Technologies for engine noise reduction include Ultra-High-Bypass (UHB) engines, such as the geared turbofan engine; soft vane, over-the-rotor foam metal liners; distortion-tolerant fans with active noise control; and variable area fan nozzles. Multifunctional materials and structures containing metallic and polyimide foams and aerogel materials are being developed for application in long ducts and fan containment systems to simultaneously carry load and reduce noise.
Airframe noise reduction research includes continuous mold-line wing structures; drooped leading edge; active flow control; adaptive and flexible wing structure; smart chevrons; and toboggan fairing for landing gear noise reduction.
Novel Hybrid Wing Body (HWB) configurations are now in development and testing that integrate airframe and propulsion systems. The HWB dramatically reduces noise and will help to achieve N+2 goals for the 2020 timeframe. One example is the Blended Wing Body (BWB) configuration that can achieve significant noise reduction through airframe shielding of engine noise.

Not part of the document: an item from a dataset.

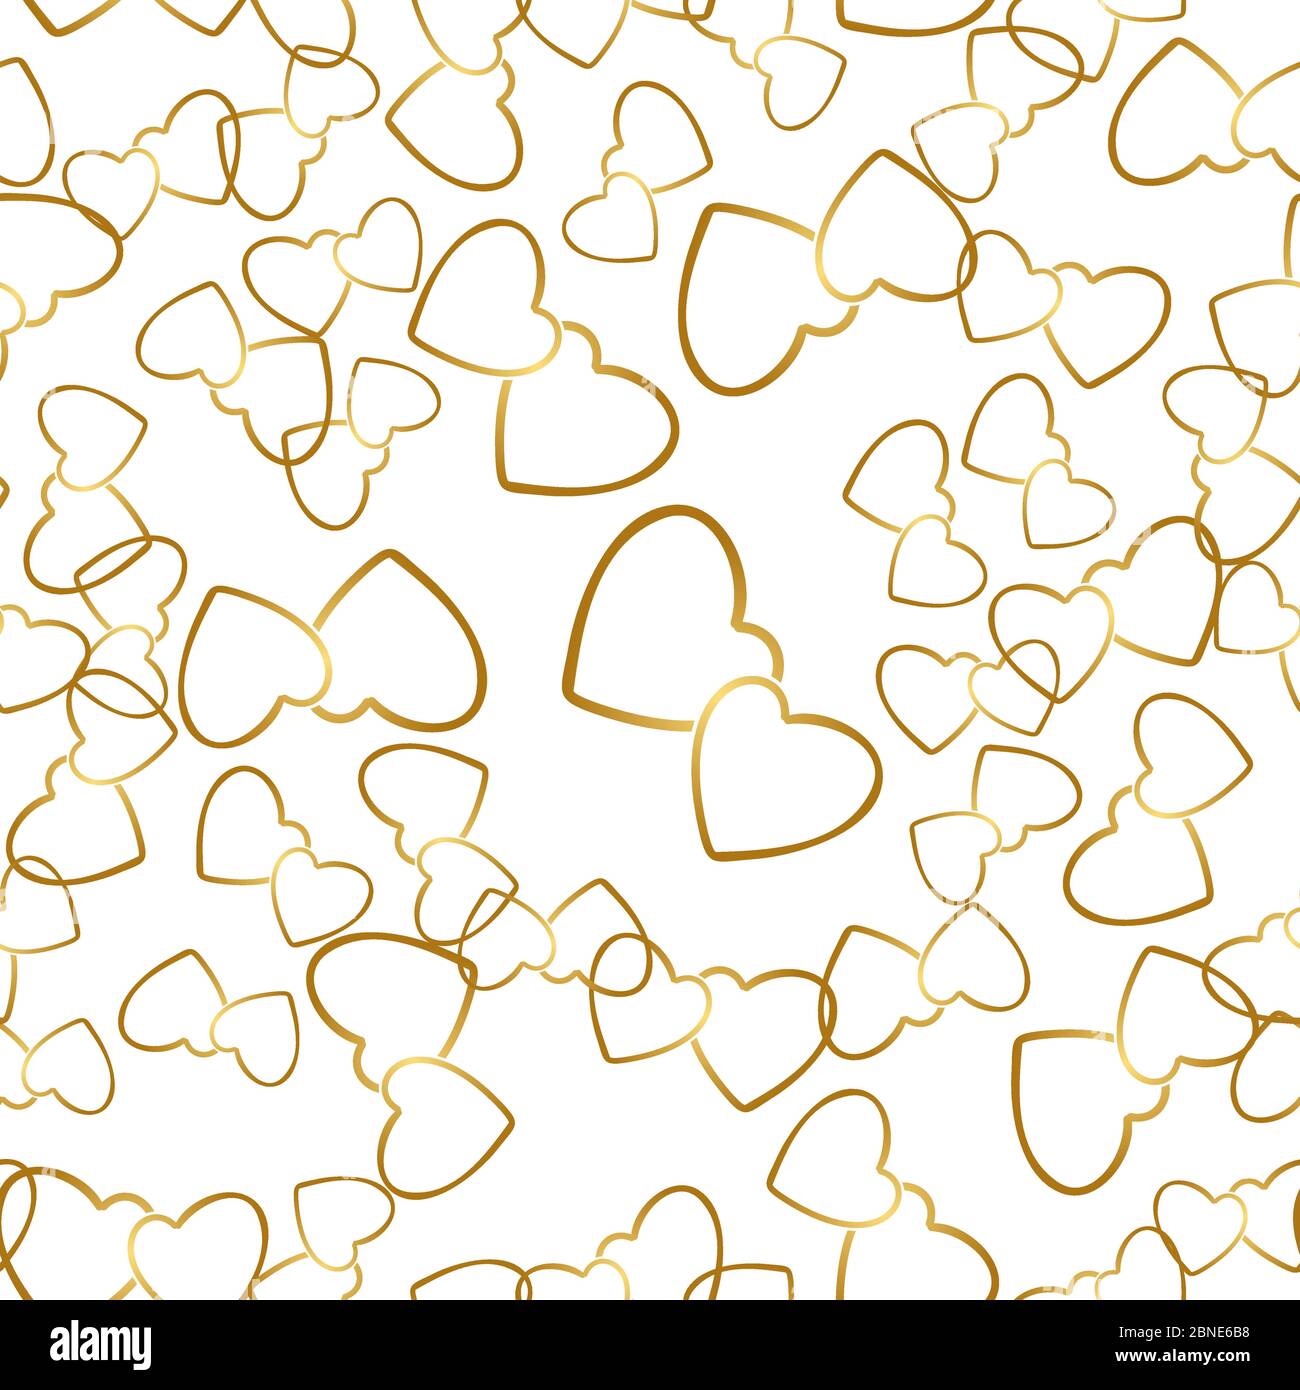 Two hearts seamless pattern. Golden pairs of heart symbols randomly placed on white background. Romantic wrapping texture for Valentine day gift or gr Stock Vector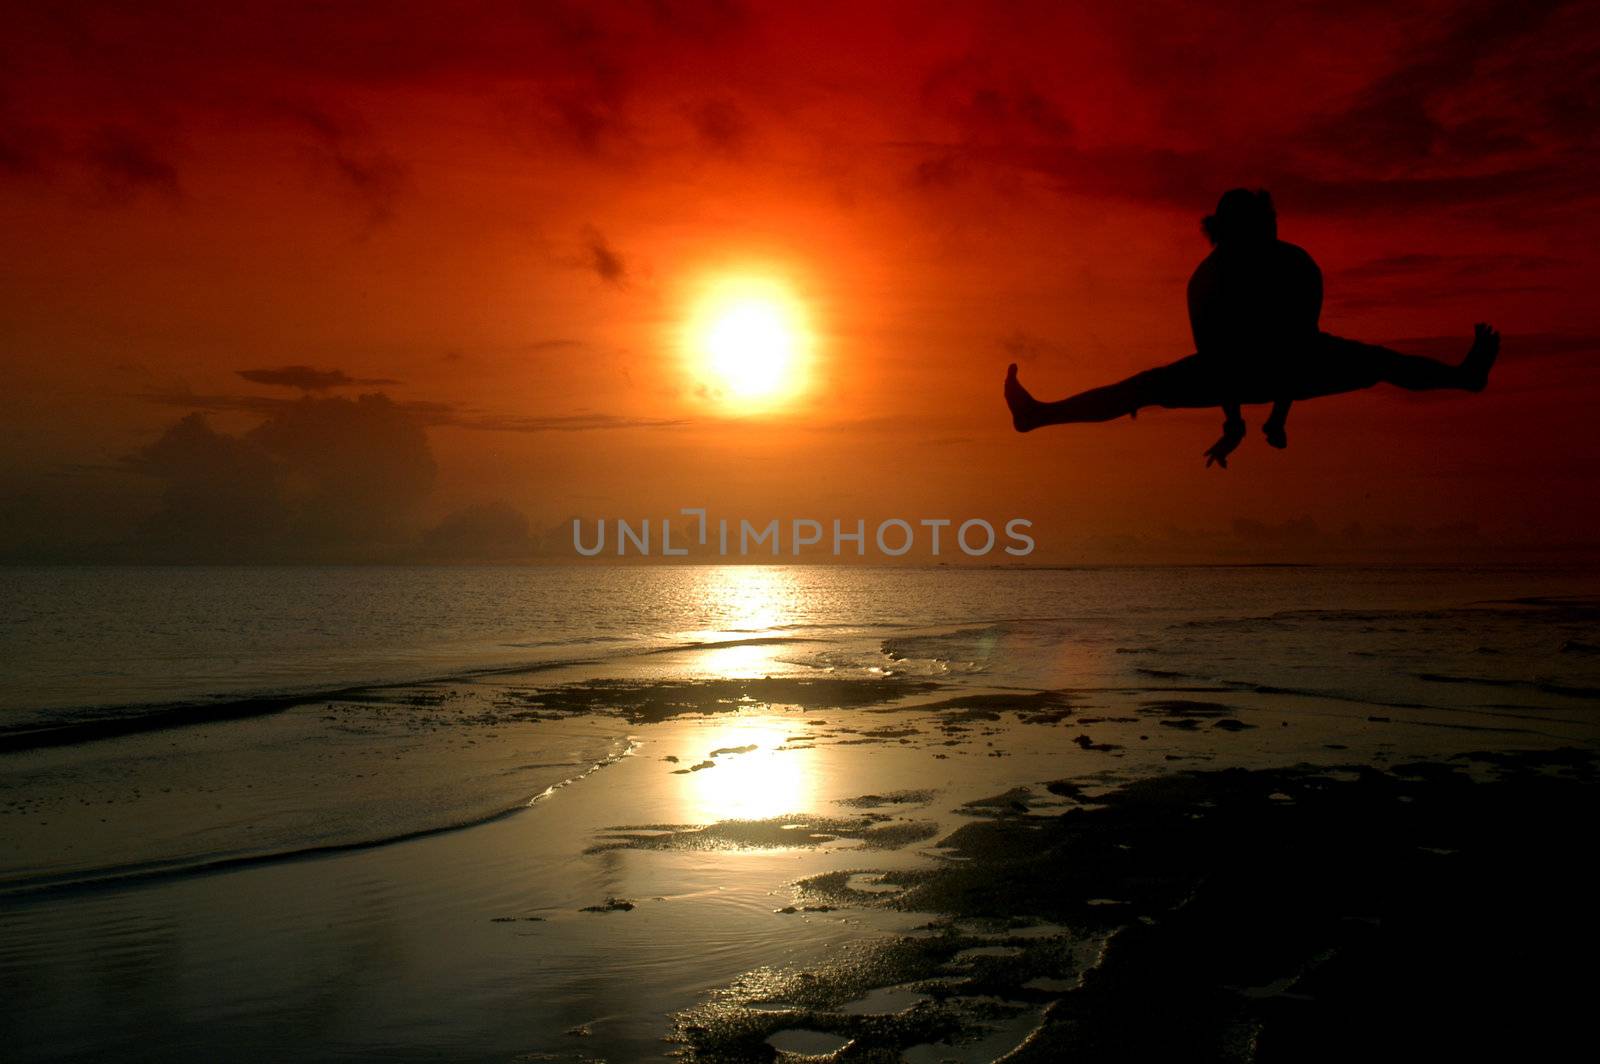 silhouette of a man jumping with sunrise baground by antonihalim

Computational tools with improved noise prediction capability are being developed to identify promising noise reduction technologies. Advanced flow and noise diagnostic techniques are helping researchers to better understand the sources of airframe, fan, and jet noise, with a focus on detailed spatial and temporal characterization of noise generation mechanisms. Prediction capabilities are focused on rotor-stator interaction noise, slat and landing gear airframes noise, flow interaction and acoustic scattering for integrated propulsion-airframe systems, and the integration of various tools into the Aircraft Noise Prediction Program (ANOPP).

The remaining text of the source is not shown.